Lifecycle & Pathology
SA node cells are postmitotic in adults. Automaticity is maintained throughout life, though the intrinsic rate declines ~1–2 bpm per decade and SA node fibrosis increases with aging.
| Disease | SA node mechanism |
|---|---|
| Sick sinus syndrome (SSS) | Structural fibrosis, aging, or ischemia → sinus bradycardia, sinus arrest, sinoatrial exit block. Most common indication for pacemaker implantation in the elderly. |
| Inappropriate sinus tachycardia (IST) | Enhanced If or autonomic dysregulation; rare HCN4 gain-of-function. Treated with ivabradine (If blocker) or beta-blockers. |
| Familial sinus bradycardia | Loss-of-function HCN4 mutations (e.g., Arg524Gln) prevent cAMP-dependent shift; autosomal dominant; symptomatic bradycardia + paroxysmal AF. |
| Long COVID / POTS | Dysautonomia with sympathetic excess → inappropriate SA node hyperactivation on standing; one of most common cardiac symptoms of long COVID. |
Connections
- part-ofCardiac conduction system — SA node cells are the automaticity cells of the sinoatrial node, the leading pacemaker
- expressesHCN4 — dominant pacemaker channel; If drives diastolic depolarization and sets intrinsic heart rate
- expressesNCX1 — reverse-mode NCX1 inward current during Ca²⁺ sparks contributes to Ca²⁺-clock automaticity
- modulated-byβ1-adrenergic receptor — cAMP → HCN4 CNBD shift → positive chronotropy; PKA also modulates Cav1.2 and RyR2
- modulated-byAcetylcholine → M2 → Gi → ↓cAMP + IKAch → negative chronotropy
- subtype-ofCardiomyocyte — SA node cell is a specialized cardiomyocyte-lineage pacemaker cell
References
- DiFrancesco D. The role of the funny current in pacemaker activity. Circ Res. 2010;106(3):434–46. PubMed 20167941.

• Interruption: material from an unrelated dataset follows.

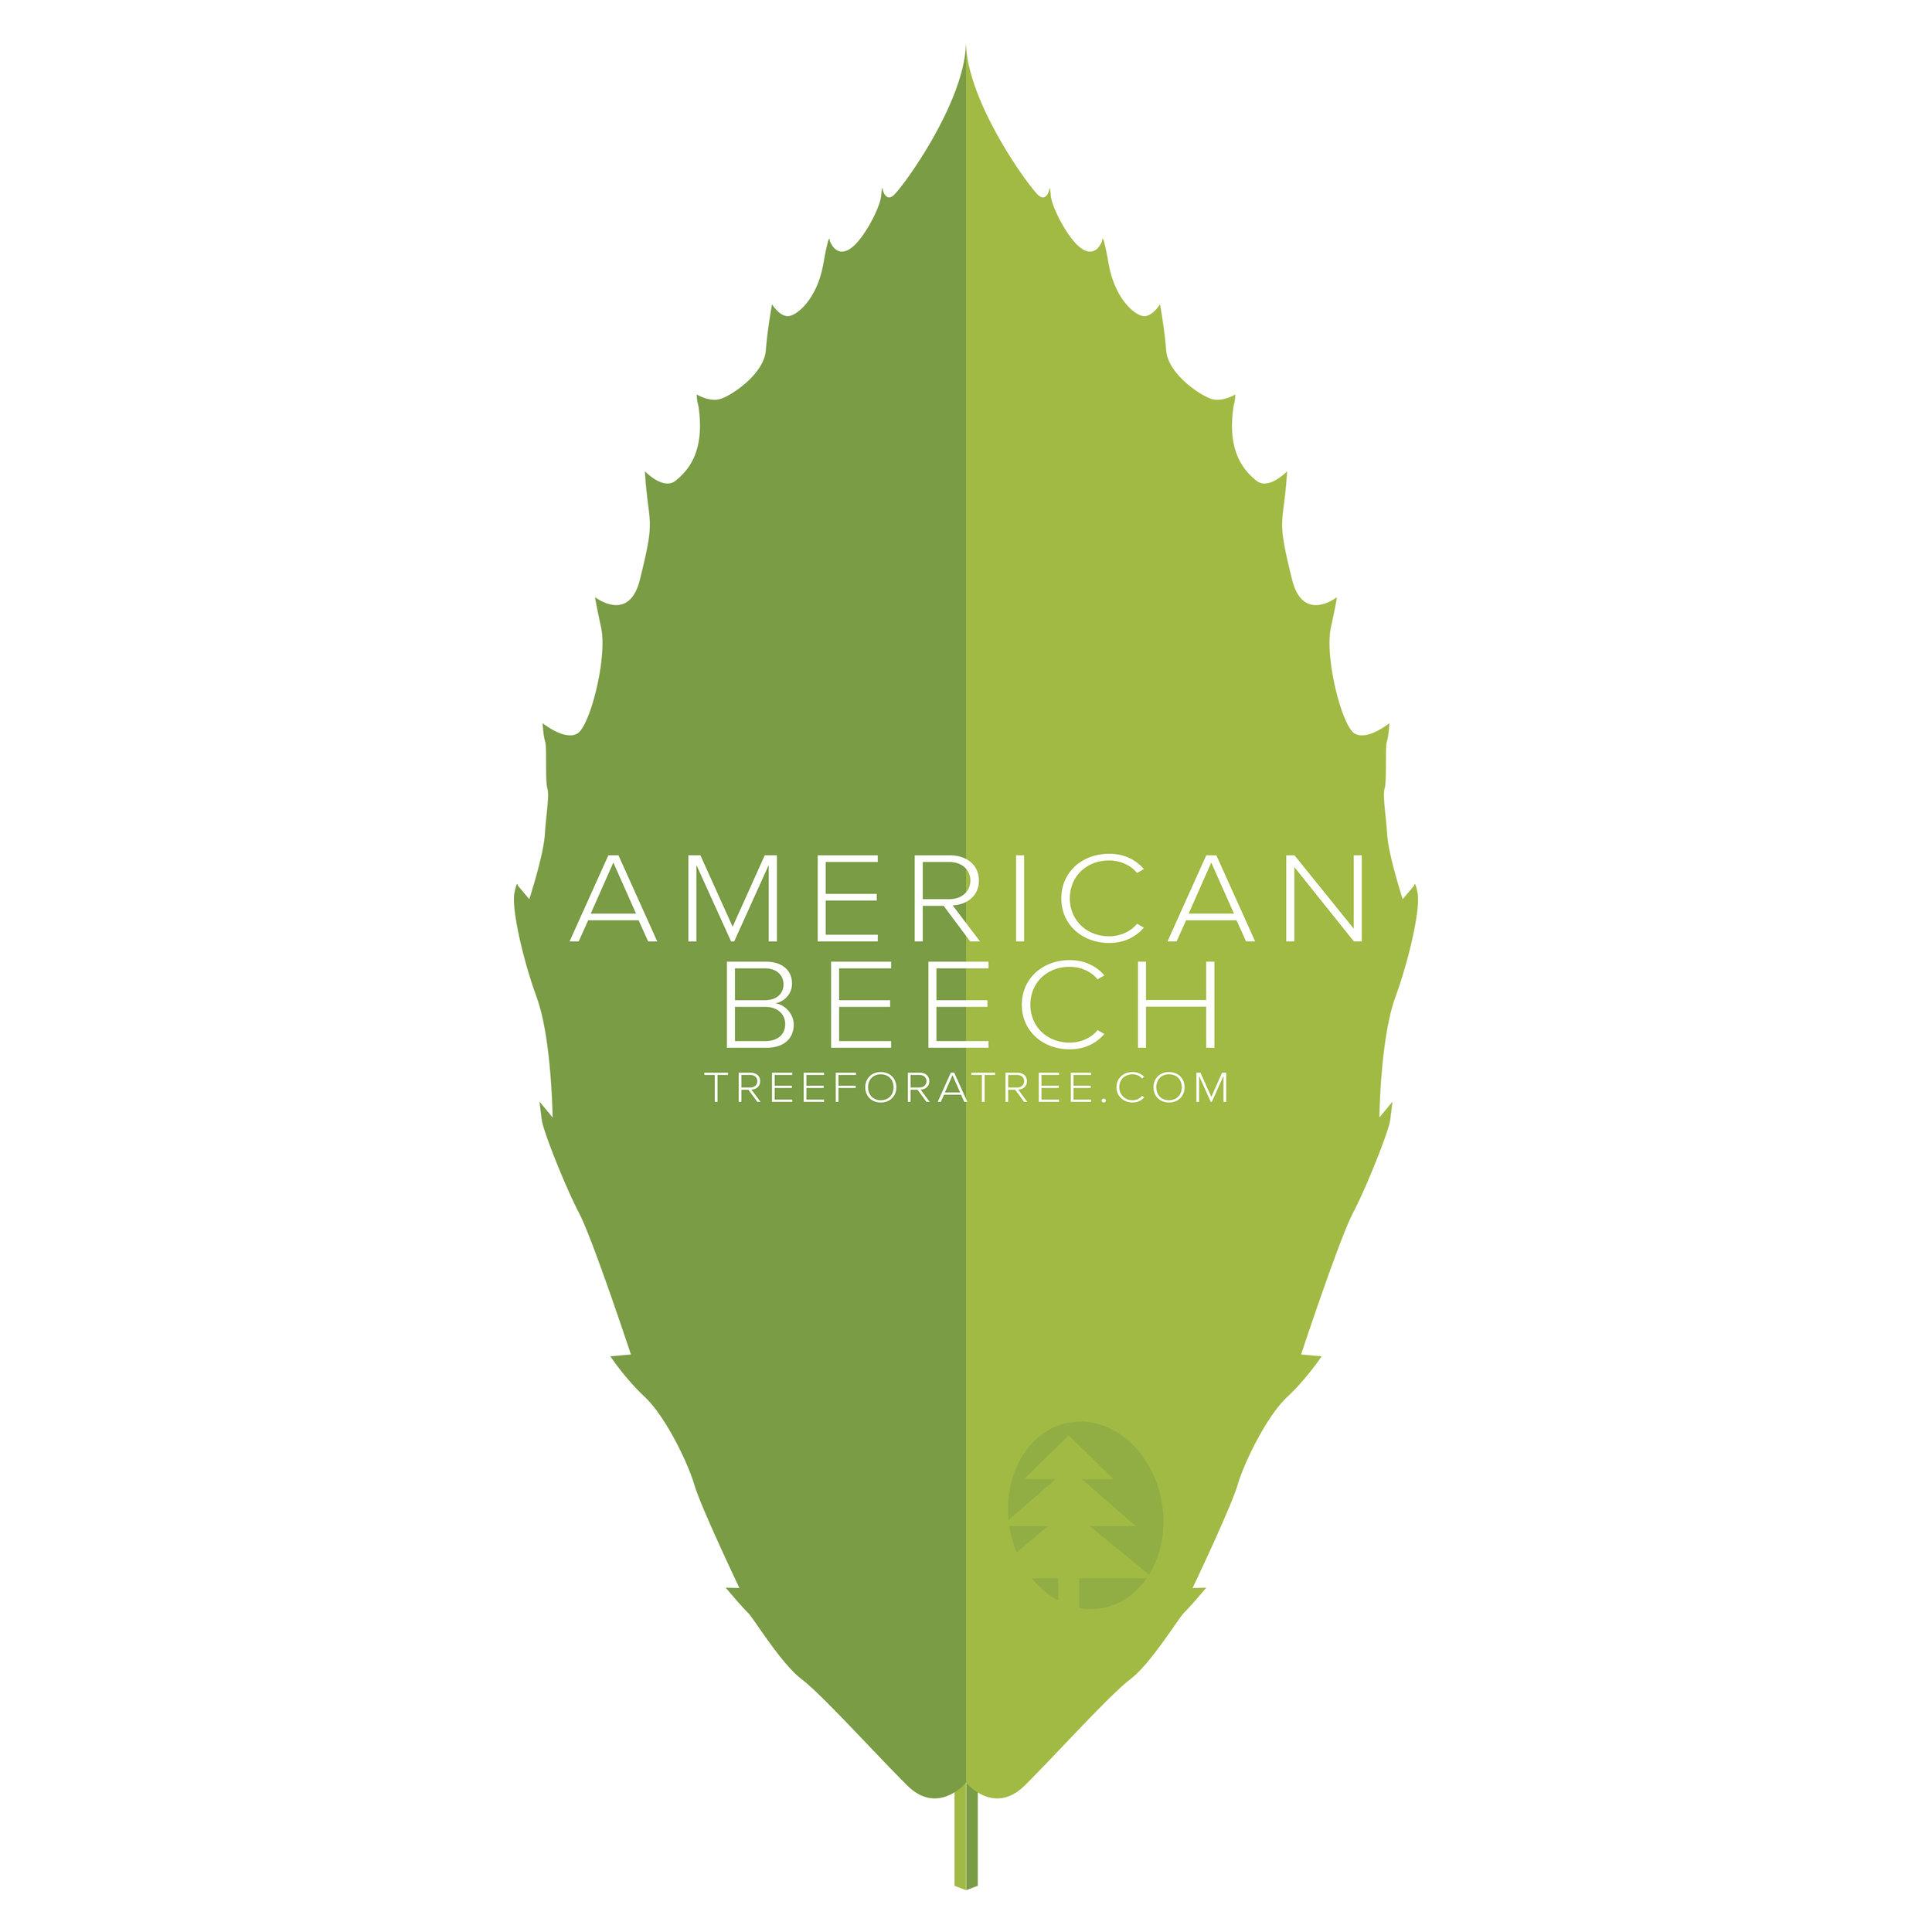 American Beech - Latin Name: Fagus grandifoliaGrowth Rate: SlowMature Height: ≈65 ftMature Spread: ≈85 ftState Champ: Ashtabula Co. (96' high x 32' spread)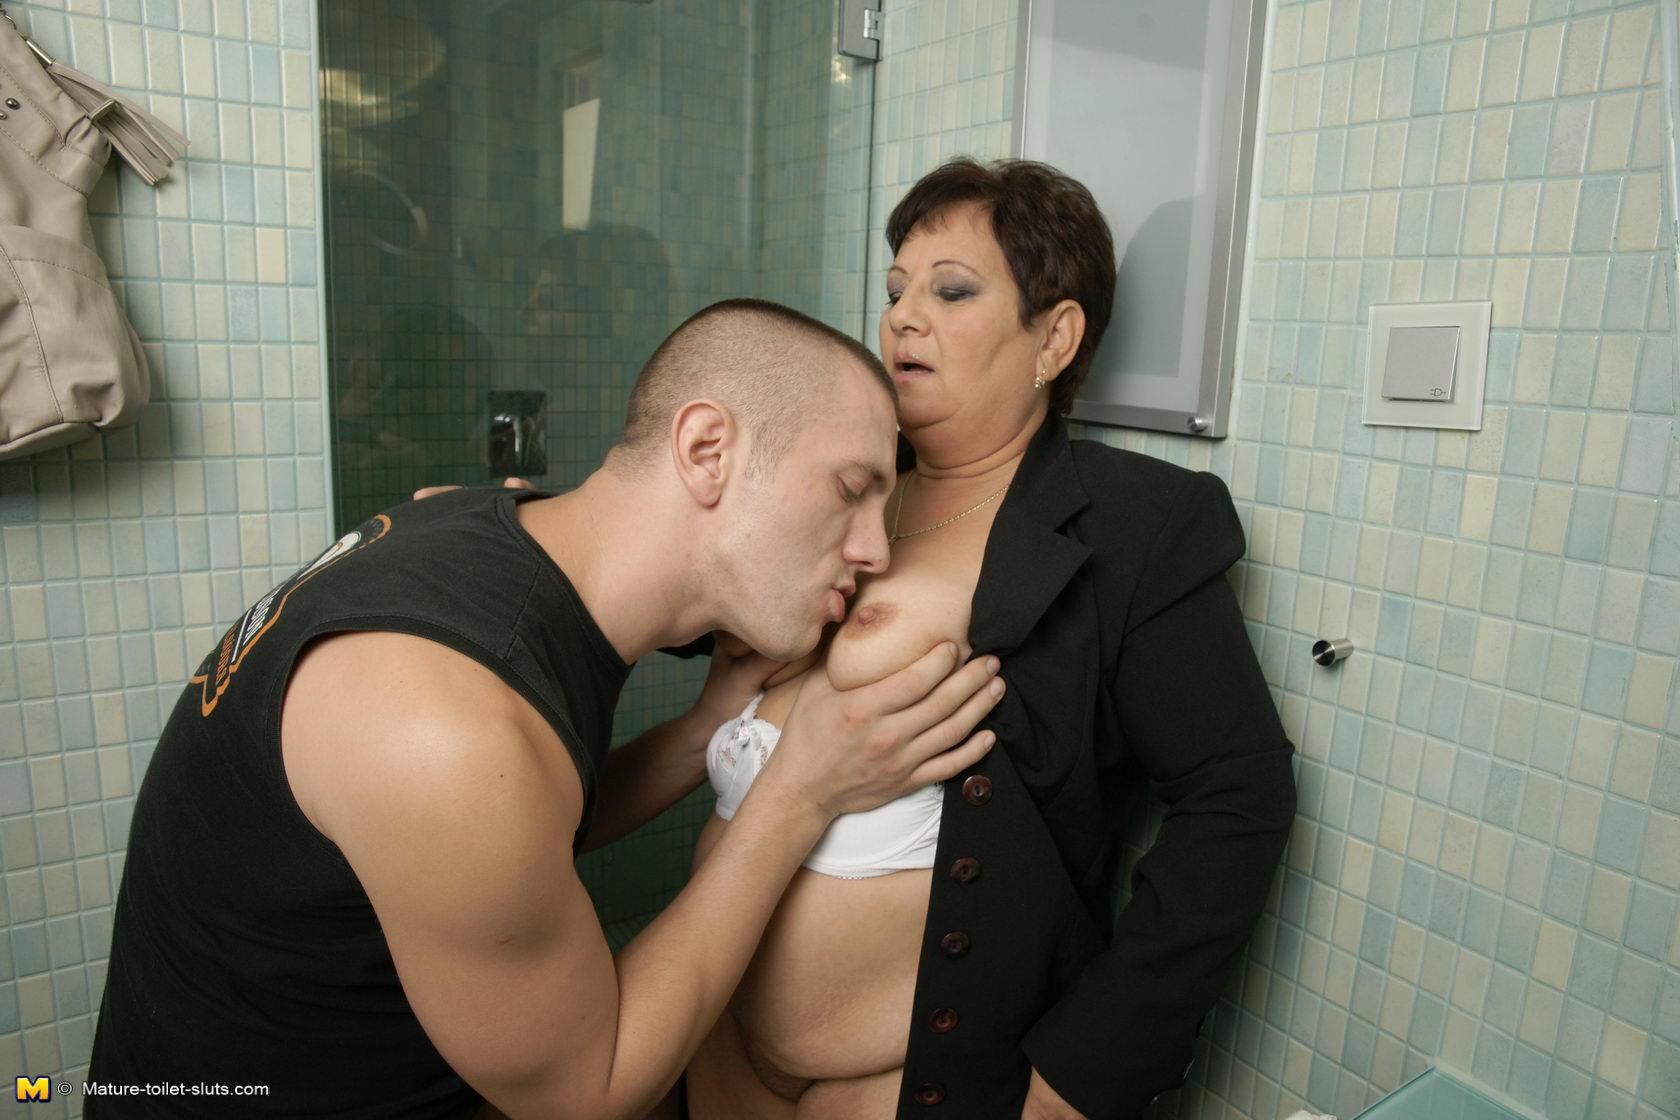 Трахнул тётку в туалете онлайн 1 фотография

- Boyett MR, Honjo H, Kodama I. The sinoatrial node, a heterogeneous pacemaker structure. Cardiovasc Res. 2000;47(4):658–87. PubMed 10974216.
- Dobrzynski H, Boyett MR, Anderson RH. New insights into pacemaker activity: promoting understanding of sick sinus syndrome. Circulation. 2007;115(14):1921–32. PubMed 17420362.
- OpenStax. Anatomy & Physiology 2e, Ch. 19.2.